Gabapentin Disrupts Binding of Perlecan to the α₂δ₁ Voltage Sensitive Calcium Channel Subunit and Impairs Skeletal Mechanosensation

Round 1

Reviewer 1 Report

Perla C Reyes Fernandez et al. have submitted a manuscript entitled “Gabapentin Disrupts Binding of Perlecan to the α2δ1 Voltage 2 Sensitive Calcium Channel Subunit and Impairs Skeletal Mechanosensation” for publication in Biomolecules.

The authors describe a mechananosensitive complex within osteocytes composed of heparan sulfate proteoglycan perlecan (PLN) and the Voltage Calcium channel subunit α2δ1, necessary for bone force transmission and sensitive to the drug Gabapentin.

 The manuscript is concisely written but it can be improved by several points.

 1.       The authors describe that PLN was  isolated and purified from HT-29 human colorectal cancer cells.
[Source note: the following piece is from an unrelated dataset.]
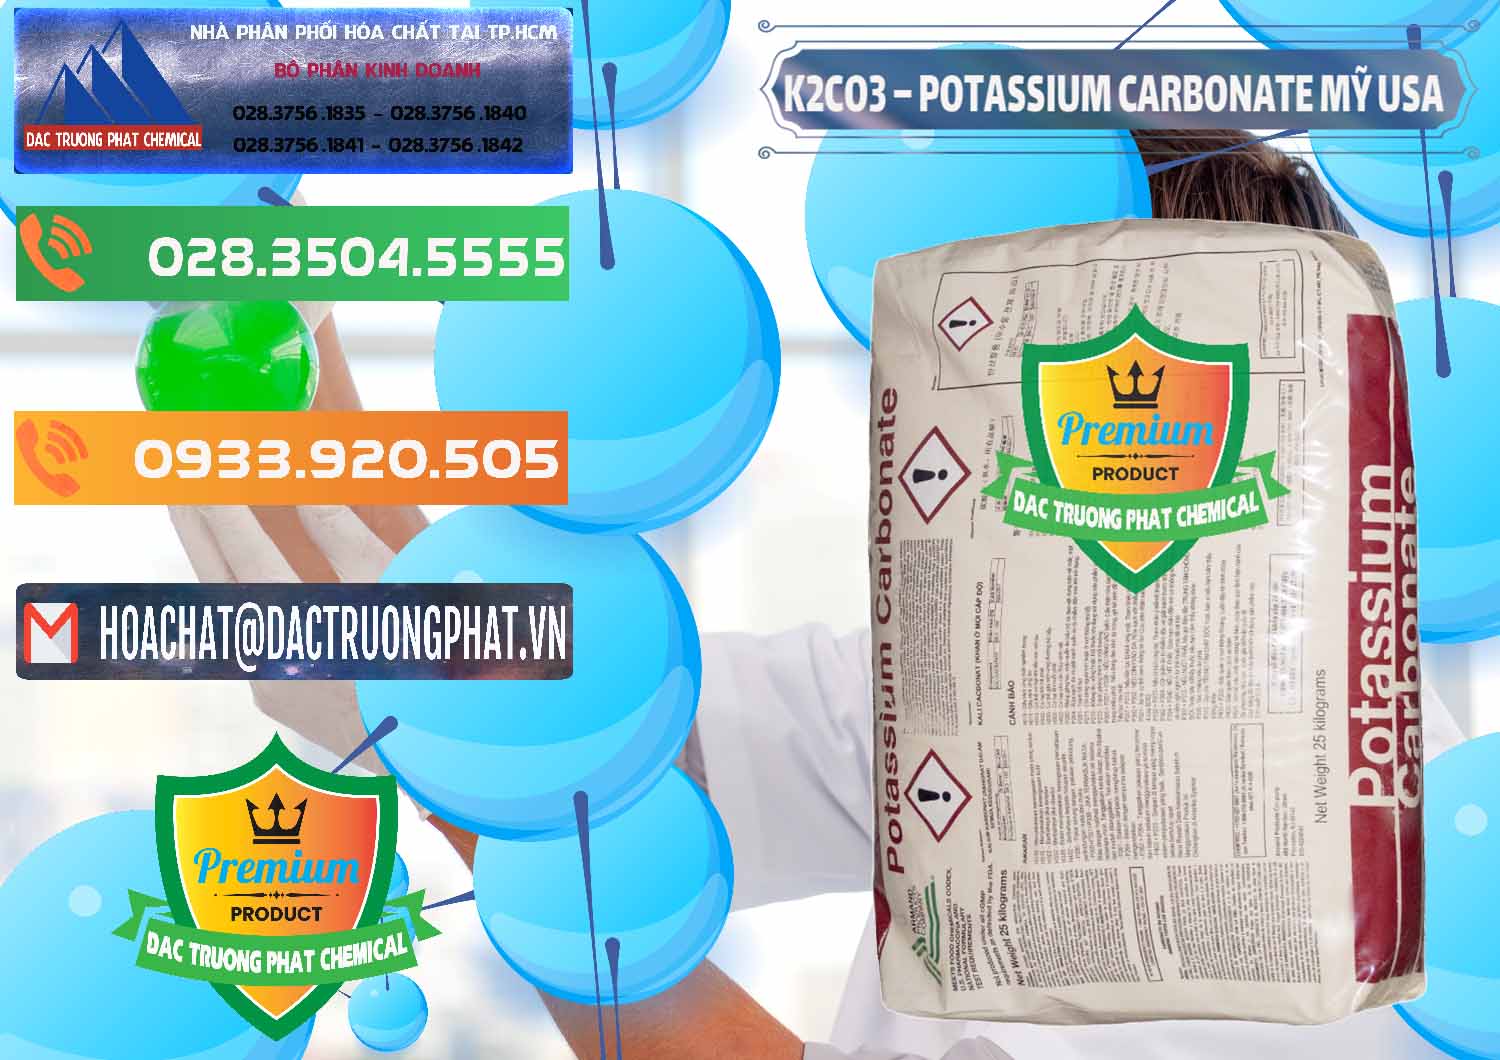 Nơi chuyên bán - phân phối K2Co3 – Potassium Carbonate Mỹ USA - 0082 - Nơi cung cấp và kinh doanh hóa chất tại TP.HCM - hoachatxulynuoc.com.vn

The functional role in these cell (e.g. versus non transformed cells) might be explained or discussed in more detail.

 2.       Proof of concept: Are there comparable compounds except GBP available as (positive/negative) controls?

 3.       Immunofluorescent stainings: Some antibodies appear to produce a strong background signal (e.g. Cav3.2). Has the specificity tested by e.g. secondary antibodies and/or blocking eperiments?

4.         CoIP: The PLN lane appears to be positive for b-Actin, but in a different height. Please explain.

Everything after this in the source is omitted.